Subject [jira] Commented: (HADOOP-3578) mapred.system.dir should be accessible only to hadoop daemons
Date Wed, 15 Apr 2009 12:37:15 GMT

Amar Kamat commented on HADOOP-3578:

Some more details
# The jobclient requests the jobtracker for a new job id
# Along with the libs/archives, the jobclient also uploads the job.jar to the DistributedCache
and creates a symlink to it (here the TaskRunner will localize the jars). With HADOOP-4990
(and security in distributed cache), the taskrunner will run under the user permission and
hence will be able to securely localize the job jar
# The jobclient now starts the transaction with the jobtracker by passing the jobconf to the
jobtracker. We expect the jobconf is be lightweight and hence pass it completely over the
  ## If the job (jobconf) fails the checks (acls etc) at the jobtracker, this job is ignored
  ## The jobtracker now maintains the jobid to user mapping for this job. This is done to
make sure that only the user who owns the job can upload/add the splits
  ## finally the jt localizes the job to system-dir/jobid/job.xml so that the tasks are able
to load the conf.
# The jobclient now uploads the job splits (in chunks of 1000 splits) to the jobtracker
  ## The jobtracker will check if the user is the owner of the job
  ## The jobtracker will maintain a mapping from jobid to the (split) file handle for that
  ## This split file is opened as system-dir/jobid/job.split
  ## The jobtracker will stream all the splits passed by the client to this file
# The jobclient now finishes the transaction by invoking submitJob().
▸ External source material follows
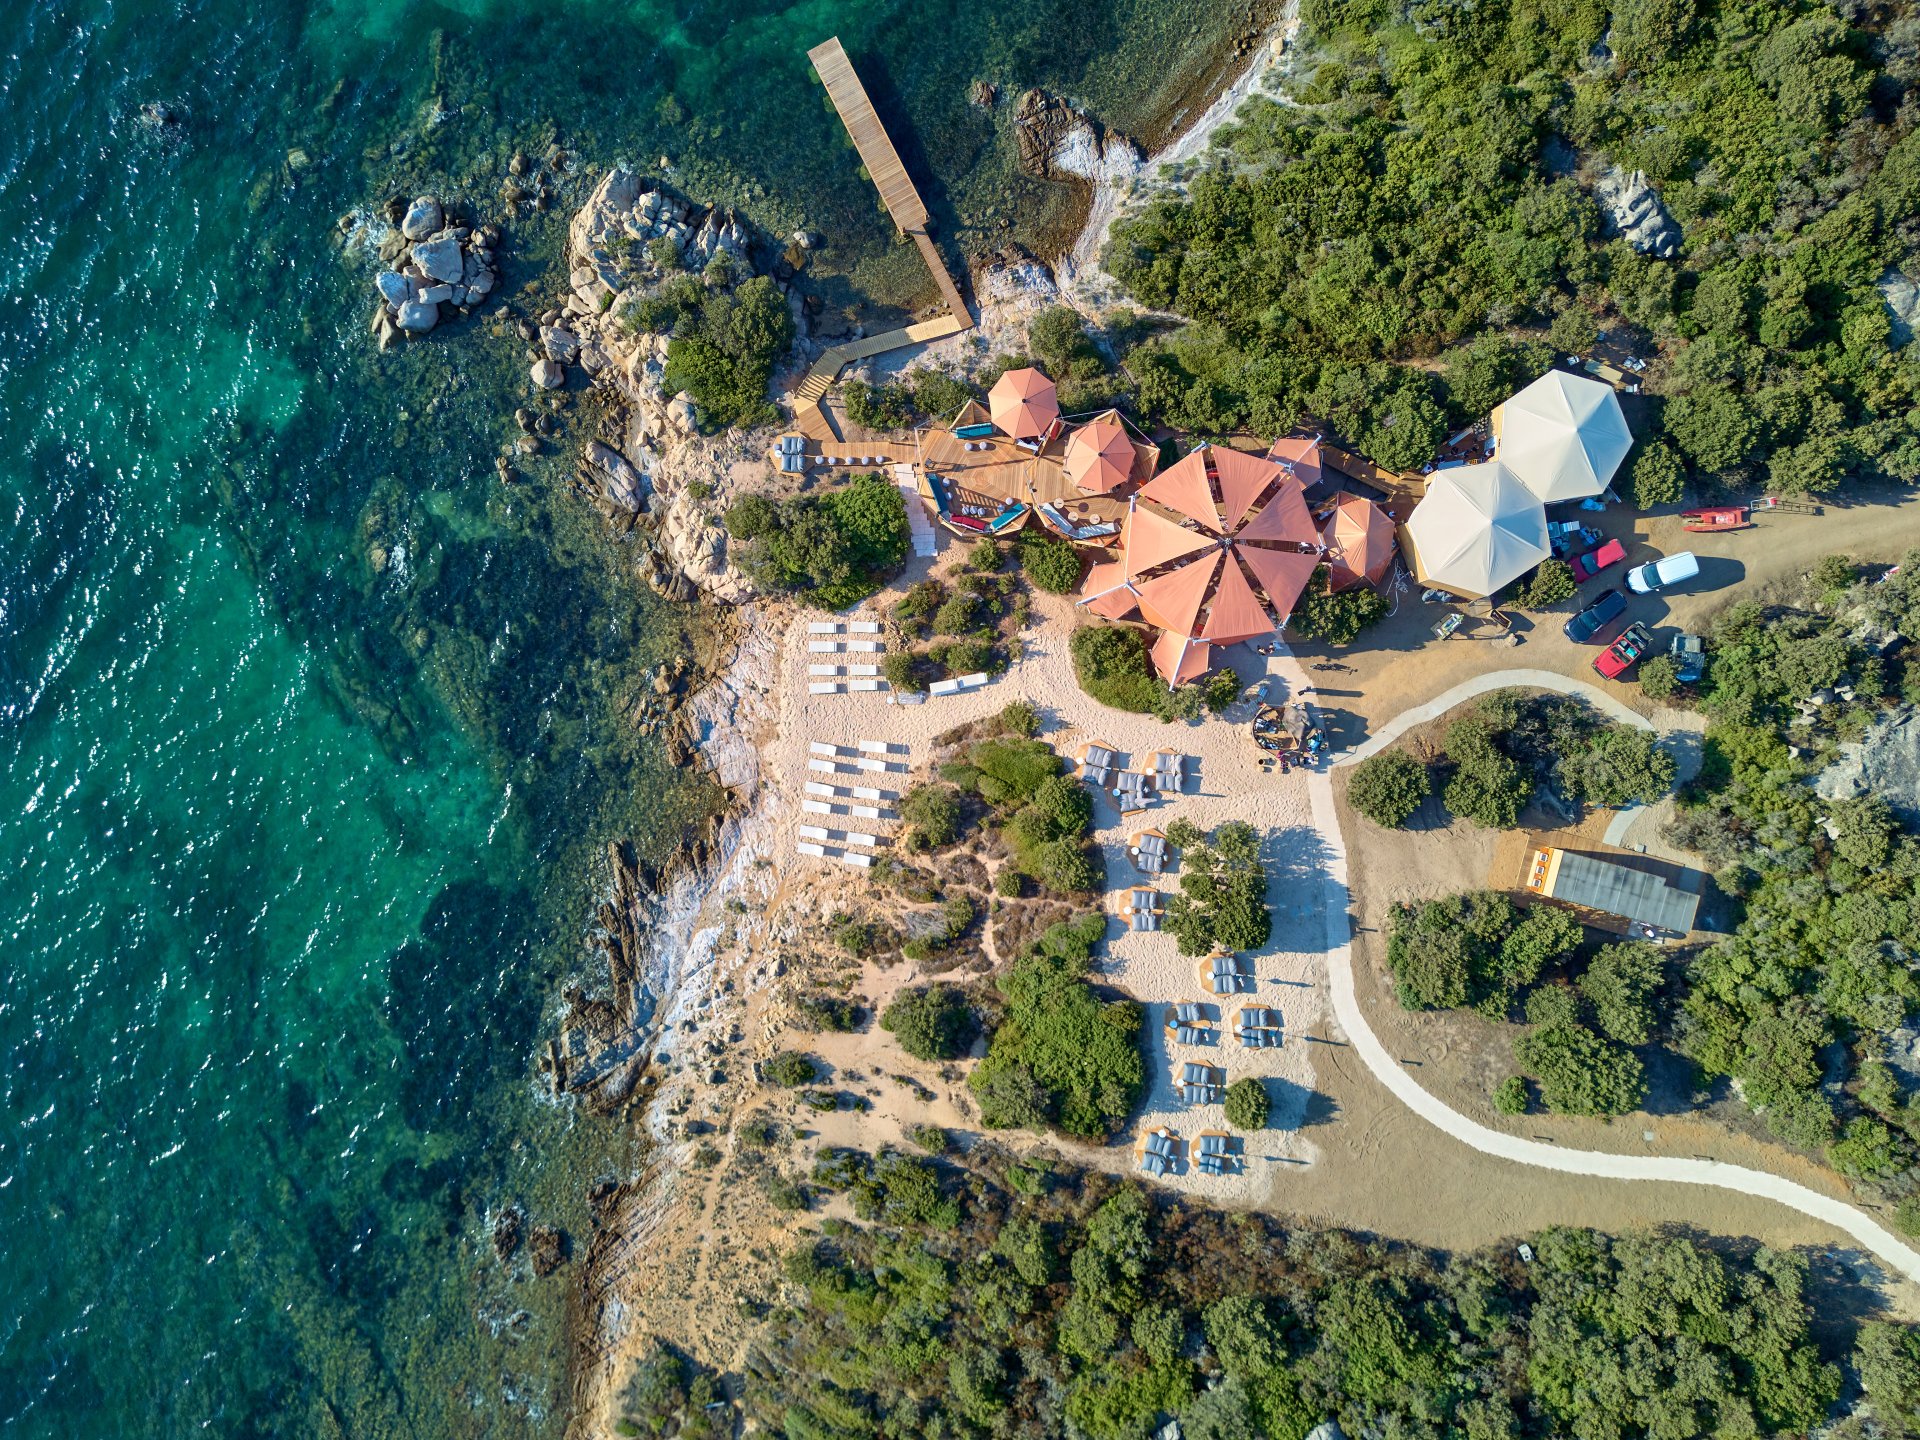 CONE Club Sardinia - SUNSQUARE special and fancy sunsailsystem

  ## The jobtracker will first close the open file handle for the jobsplit 
  ## jt will cleanup the structures maintained for the transaction
  ## do what is done today upon a submit job (note that by now job.split and job.jar are both
present in the system dir)

Questions :
# What if the jobconf is of large size? Do we need to page it too?
# How many files(job-split) to support in parallel (as number of open file handles can lead
 to issues)?
   ## One way to do it would be to cap it 200 uploads in parallel
# How to take care of dead jobclients?
  ## Start a expiry thread that will cleanup dead/hung job submissions (every 5 mins)
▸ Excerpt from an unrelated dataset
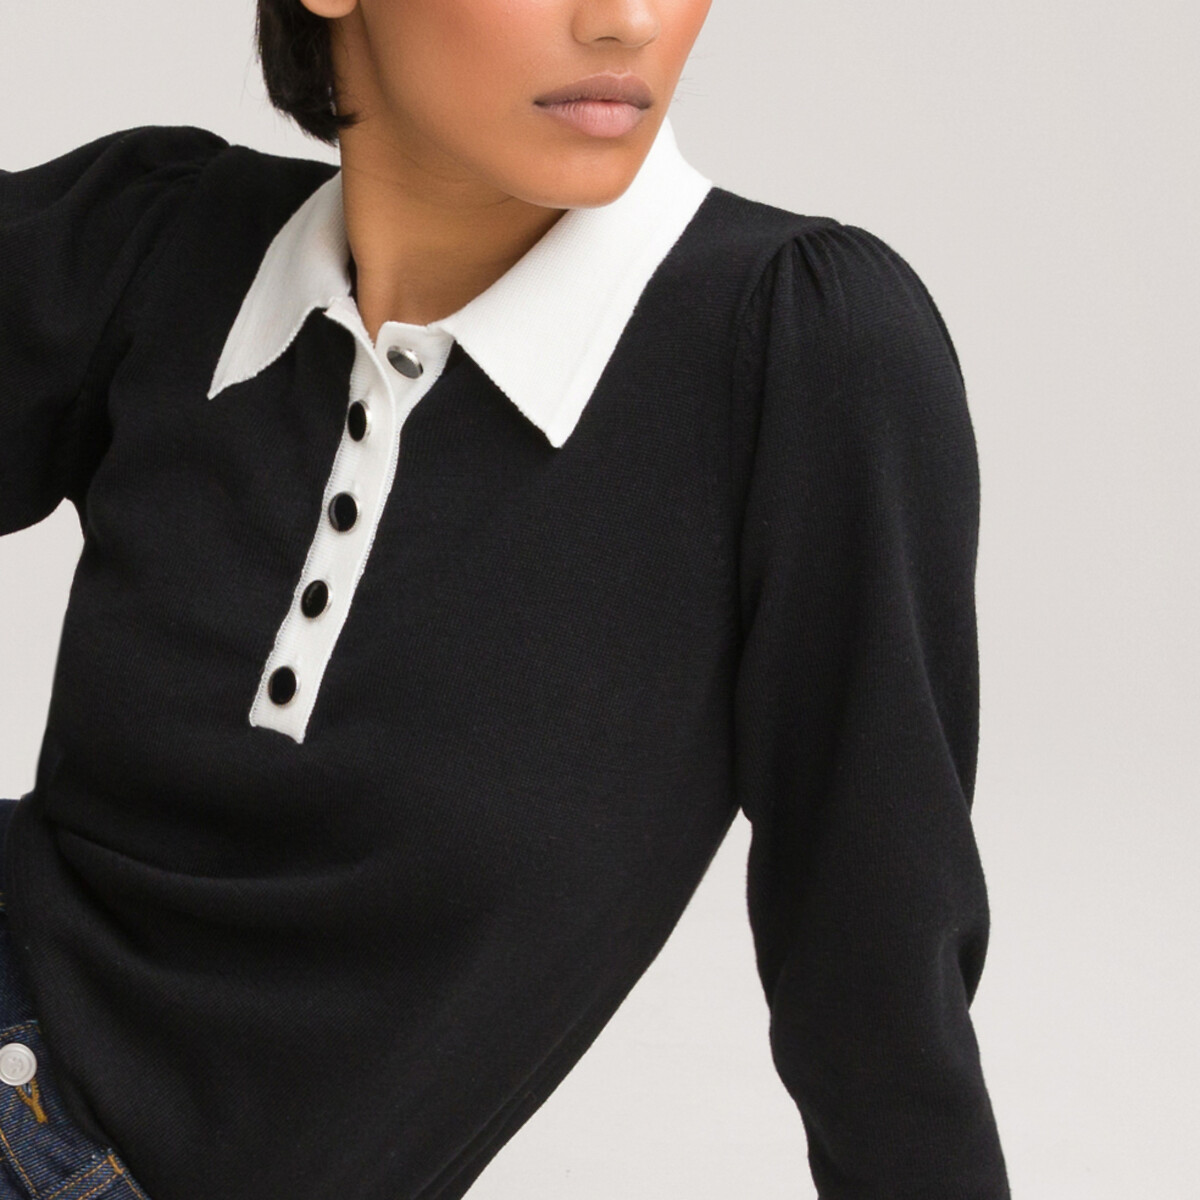 Пуловер LaRedoute С воротником-поло двухцветный декоративные пуговицы M черный, размер M - фото 1

# How to prevent the jobclients from passing more splits (say 1,00,000 splits) in one rpc
  ## Looks like this should be capped at the rpc level. I am not sure if there is any provision
for something like this. For now we can leave it as it as.
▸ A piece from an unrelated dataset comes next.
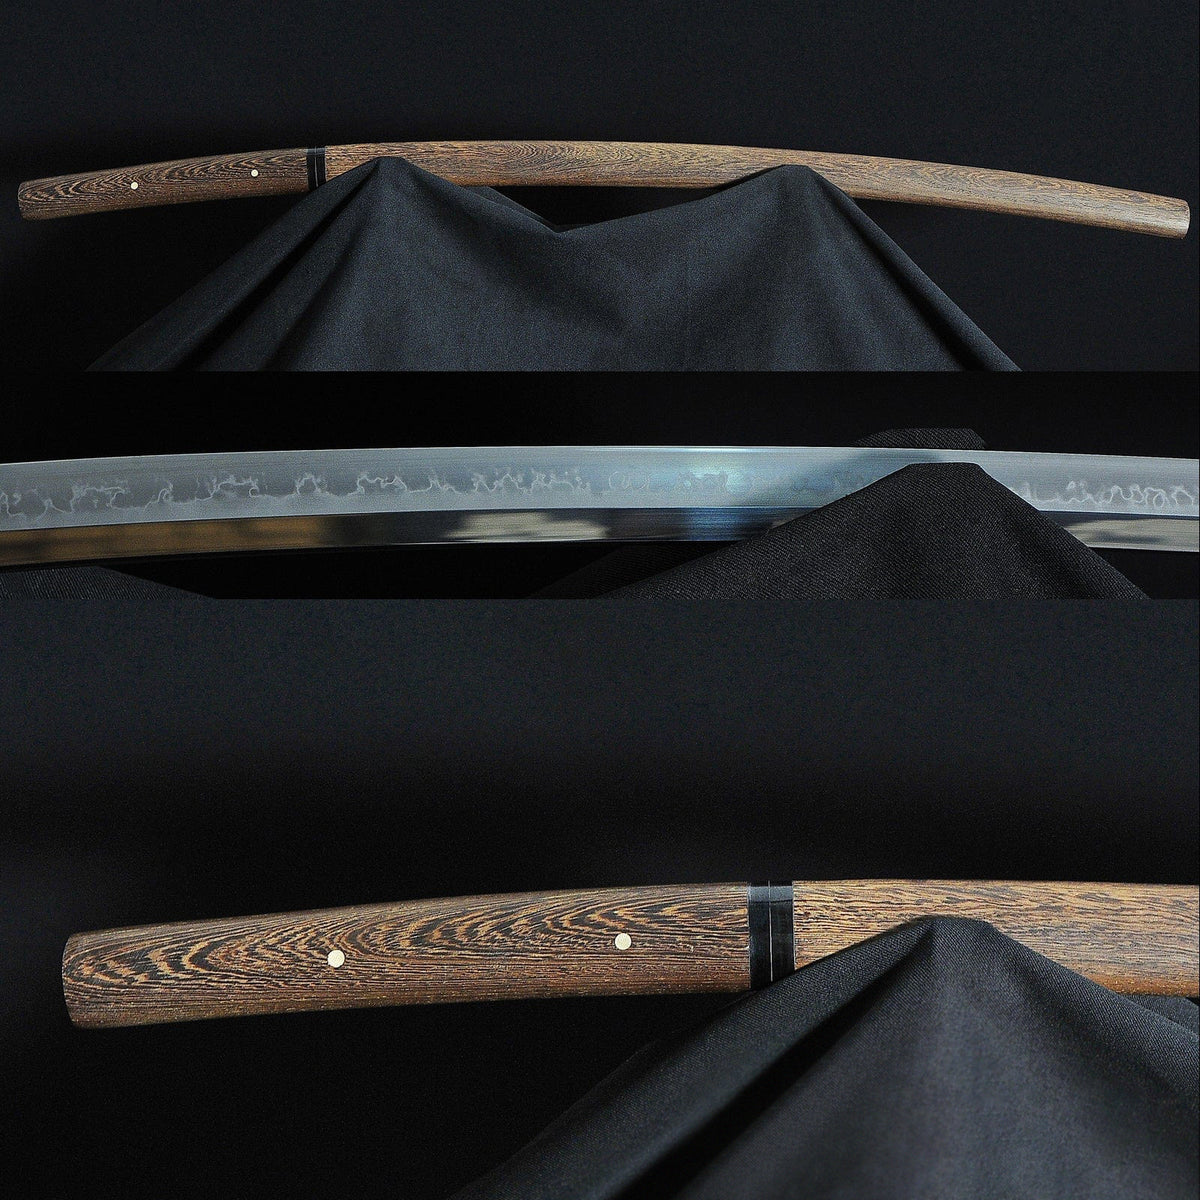 1095 High Carbon Steel Clay Tempered Japanese Choji Battle Ready Shirasaya Katana Sword

> mapred.system.dir should be accessible only to hadoop daemons 
> --------------------------------------------------------------
>                 Key: HADOOP-3578
>                 URL: https://issues.apache.org/jira/browse/HADOOP-3578
>             Project: Hadoop Core
>          Issue Type: Bug
>          Components: mapred
>            Reporter: Amar Kamat
>            Assignee: Amar Kamat
> Currently the jobclient accesses the {{mapred.system.dir}} to add job details. Hence
the {{mapred.system.dir}} has the permissions of {{rwx-wx-wx}}. This could be a security loophole
where the job files might get overwritten/tampered after the job submission.